» The task: In full and unaltered, output the records below.

» Stored records:

- - -

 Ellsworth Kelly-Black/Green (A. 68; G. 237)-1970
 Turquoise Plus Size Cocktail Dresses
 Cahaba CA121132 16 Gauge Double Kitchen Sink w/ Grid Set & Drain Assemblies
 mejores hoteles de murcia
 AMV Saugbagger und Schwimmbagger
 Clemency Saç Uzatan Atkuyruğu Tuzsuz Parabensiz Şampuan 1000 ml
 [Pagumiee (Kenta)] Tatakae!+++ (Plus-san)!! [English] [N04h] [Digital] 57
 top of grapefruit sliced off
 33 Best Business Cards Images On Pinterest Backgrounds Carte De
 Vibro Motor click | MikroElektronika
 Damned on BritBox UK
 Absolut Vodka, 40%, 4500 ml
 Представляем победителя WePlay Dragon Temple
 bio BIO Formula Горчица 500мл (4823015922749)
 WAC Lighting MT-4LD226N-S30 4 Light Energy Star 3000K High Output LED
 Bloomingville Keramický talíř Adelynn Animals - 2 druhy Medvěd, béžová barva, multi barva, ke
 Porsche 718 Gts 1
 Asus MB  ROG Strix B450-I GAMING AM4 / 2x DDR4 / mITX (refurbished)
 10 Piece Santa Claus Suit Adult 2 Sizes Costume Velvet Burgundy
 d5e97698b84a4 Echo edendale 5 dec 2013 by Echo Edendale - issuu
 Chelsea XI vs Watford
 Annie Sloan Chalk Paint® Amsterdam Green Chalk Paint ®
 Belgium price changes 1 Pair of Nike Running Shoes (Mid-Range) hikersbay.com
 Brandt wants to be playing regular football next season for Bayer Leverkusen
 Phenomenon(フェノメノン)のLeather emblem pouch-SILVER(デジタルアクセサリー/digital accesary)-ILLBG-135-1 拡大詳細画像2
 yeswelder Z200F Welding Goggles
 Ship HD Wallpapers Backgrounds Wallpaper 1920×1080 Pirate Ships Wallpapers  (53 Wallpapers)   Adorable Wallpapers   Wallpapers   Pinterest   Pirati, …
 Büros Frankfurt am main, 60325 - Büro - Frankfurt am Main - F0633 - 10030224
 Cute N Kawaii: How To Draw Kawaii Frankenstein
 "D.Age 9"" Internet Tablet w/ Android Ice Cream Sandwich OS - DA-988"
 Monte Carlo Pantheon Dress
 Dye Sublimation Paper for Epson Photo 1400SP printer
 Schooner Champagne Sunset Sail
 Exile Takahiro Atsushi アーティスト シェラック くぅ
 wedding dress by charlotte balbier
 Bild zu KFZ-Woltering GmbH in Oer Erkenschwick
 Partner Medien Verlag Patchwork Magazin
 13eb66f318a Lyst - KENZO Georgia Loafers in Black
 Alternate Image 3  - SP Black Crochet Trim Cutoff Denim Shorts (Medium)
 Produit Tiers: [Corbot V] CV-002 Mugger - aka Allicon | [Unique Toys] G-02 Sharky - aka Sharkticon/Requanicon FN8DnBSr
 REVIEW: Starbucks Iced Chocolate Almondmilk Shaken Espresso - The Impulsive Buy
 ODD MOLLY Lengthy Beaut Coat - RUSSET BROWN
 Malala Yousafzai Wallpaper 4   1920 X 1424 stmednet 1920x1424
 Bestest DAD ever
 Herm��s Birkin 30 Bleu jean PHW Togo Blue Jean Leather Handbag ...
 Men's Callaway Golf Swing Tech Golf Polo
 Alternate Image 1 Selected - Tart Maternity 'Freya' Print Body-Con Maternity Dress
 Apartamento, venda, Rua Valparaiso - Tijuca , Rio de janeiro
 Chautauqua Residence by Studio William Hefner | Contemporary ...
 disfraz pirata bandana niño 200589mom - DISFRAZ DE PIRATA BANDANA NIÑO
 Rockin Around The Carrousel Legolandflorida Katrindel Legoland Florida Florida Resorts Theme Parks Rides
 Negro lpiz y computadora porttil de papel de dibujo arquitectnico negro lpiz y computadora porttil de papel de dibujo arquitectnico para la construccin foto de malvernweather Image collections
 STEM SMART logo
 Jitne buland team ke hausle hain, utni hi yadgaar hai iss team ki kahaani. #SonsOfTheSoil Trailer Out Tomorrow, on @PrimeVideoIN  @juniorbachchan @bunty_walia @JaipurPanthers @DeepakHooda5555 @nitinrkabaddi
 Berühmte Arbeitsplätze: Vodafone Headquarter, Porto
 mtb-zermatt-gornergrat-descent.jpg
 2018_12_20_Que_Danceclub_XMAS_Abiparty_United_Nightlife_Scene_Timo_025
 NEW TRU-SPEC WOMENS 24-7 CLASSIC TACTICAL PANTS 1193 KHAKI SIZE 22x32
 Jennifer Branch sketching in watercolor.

- - -

» Task solution:
 Ellsworth Kelly-Black/Green (A. 68; G. 237)-1970
 Turquoise Plus Size Cocktail Dresses
 Cahaba CA121132 16 Gauge Double Kitchen Sink w/ Grid Set & Drain Assemblies
 mejores hoteles de murcia
 AMV Saugbagger und Schwimmbagger
 Clemency Saç Uzatan Atkuyruğu Tuzsuz Parabensiz Şampuan 1000 ml
 [Pagumiee (Kenta)] Tatakae!+++ (Plus-san)!! [English] [N04h] [Digital] 57
 top of grapefruit sliced off
 33 Best Business Cards Images On Pinterest Backgrounds Carte De
 Vibro Motor click | MikroElektronika
 Damned on BritBox UK
 Absolut Vodka, 40%, 4500 ml
 Представляем победителя WePlay Dragon Temple
 bio BIO Formula Горчица 500мл (4823015922749)
 WAC Lighting MT-4LD226N-S30 4 Light Energy Star 3000K High Output LED
 Bloomingville Keramický talíř Adelynn Animals - 2 druhy Medvěd, béžová barva, multi barva, ke
 Porsche 718 Gts 1
 Asus MB  ROG Strix B450-I GAMING AM4 / 2x DDR4 / mITX (refurbished)
 10 Piece Santa Claus Suit Adult 2 Sizes Costume Velvet Burgundy
 d5e97698b84a4 Echo edendale 5 dec 2013 by Echo Edendale - issuu
 Chelsea XI vs Watford
 Annie Sloan Chalk Paint® Amsterdam Green Chalk Paint ®
 Belgium price changes 1 Pair of Nike Running Shoes (Mid-Range) hikersbay.com
 Brandt wants to be playing regular football next season for Bayer Leverkusen
 Phenomenon(フェノメノン)のLeather emblem pouch-SILVER(デジタルアクセサリー/digital accesary)-ILLBG-135-1 拡大詳細画像2
 yeswelder Z200F Welding Goggles
 Ship HD Wallpapers Backgrounds Wallpaper 1920×1080 Pirate Ships Wallpapers  (53 Wallpapers)   Adorable Wallpapers   Wallpapers   Pinterest   Pirati, …
 Büros Frankfurt am main, 60325 - Büro - Frankfurt am Main - F0633 - 10030224
 Cute N Kawaii: How To Draw Kawaii Frankenstein
 "D.Age 9"" Internet Tablet w/ Android Ice Cream Sandwich OS - DA-988"
 Monte Carlo Pantheon Dress
 Dye Sublimation Paper for Epson Photo 1400SP printer
 Schooner Champagne Sunset Sail
 Exile Takahiro Atsushi アーティスト シェラック くぅ
 wedding dress by charlotte balbier
 Bild zu KFZ-Woltering GmbH in Oer Erkenschwick
 Partner Medien Verlag Patchwork Magazin
 13eb66f318a Lyst - KENZO Georgia Loafers in Black
 Alternate Image 3  - SP Black Crochet Trim Cutoff Denim Shorts (Medium)
 Produit Tiers: [Corbot V] CV-002 Mugger - aka Allicon | [Unique Toys] G-02 Sharky - aka Sharkticon/Requanicon FN8DnBSr
 REVIEW: Starbucks Iced Chocolate Almondmilk Shaken Espresso - The Impulsive Buy
 ODD MOLLY Lengthy Beaut Coat - RUSSET BROWN
 Malala Yousafzai Wallpaper 4   1920 X 1424 stmednet 1920x1424
 Bestest DAD ever
 Herm��s Birkin 30 Bleu jean PHW Togo Blue Jean Leather Handbag ...
 Men's Callaway Golf Swing Tech Golf Polo
 Alternate Image 1 Selected - Tart Maternity 'Freya' Print Body-Con Maternity Dress
 Apartamento, venda, Rua Valparaiso - Tijuca , Rio de janeiro
 Chautauqua Residence by Studio William Hefner | Contemporary ...
 disfraz pirata bandana niño 200589mom - DISFRAZ DE PIRATA BANDANA NIÑO
 Rockin Around The Carrousel Legolandflorida Katrindel Legoland Florida Florida Resorts Theme Parks Rides
 Negro lpiz y computadora porttil de papel de dibujo arquitectnico negro lpiz y computadora porttil de papel de dibujo arquitectnico para la construccin foto de malvernweather Image collections
 STEM SMART logo
 Jitne buland team ke hausle hain, utni hi yadgaar hai iss team ki kahaani. #SonsOfTheSoil Trailer Out Tomorrow, on @PrimeVideoIN  @juniorbachchan @bunty_walia @JaipurPanthers @DeepakHooda5555 @nitinrkabaddi
 Berühmte Arbeitsplätze: Vodafone Headquarter, Porto
 mtb-zermatt-gornergrat-descent.jpg
 2018_12_20_Que_Danceclub_XMAS_Abiparty_United_Nightlife_Scene_Timo_025
 NEW TRU-SPEC WOMENS 24-7 CLASSIC TACTICAL PANTS 1193 KHAKI SIZE 22x32
 Jennifer Branch sketching in watercolor.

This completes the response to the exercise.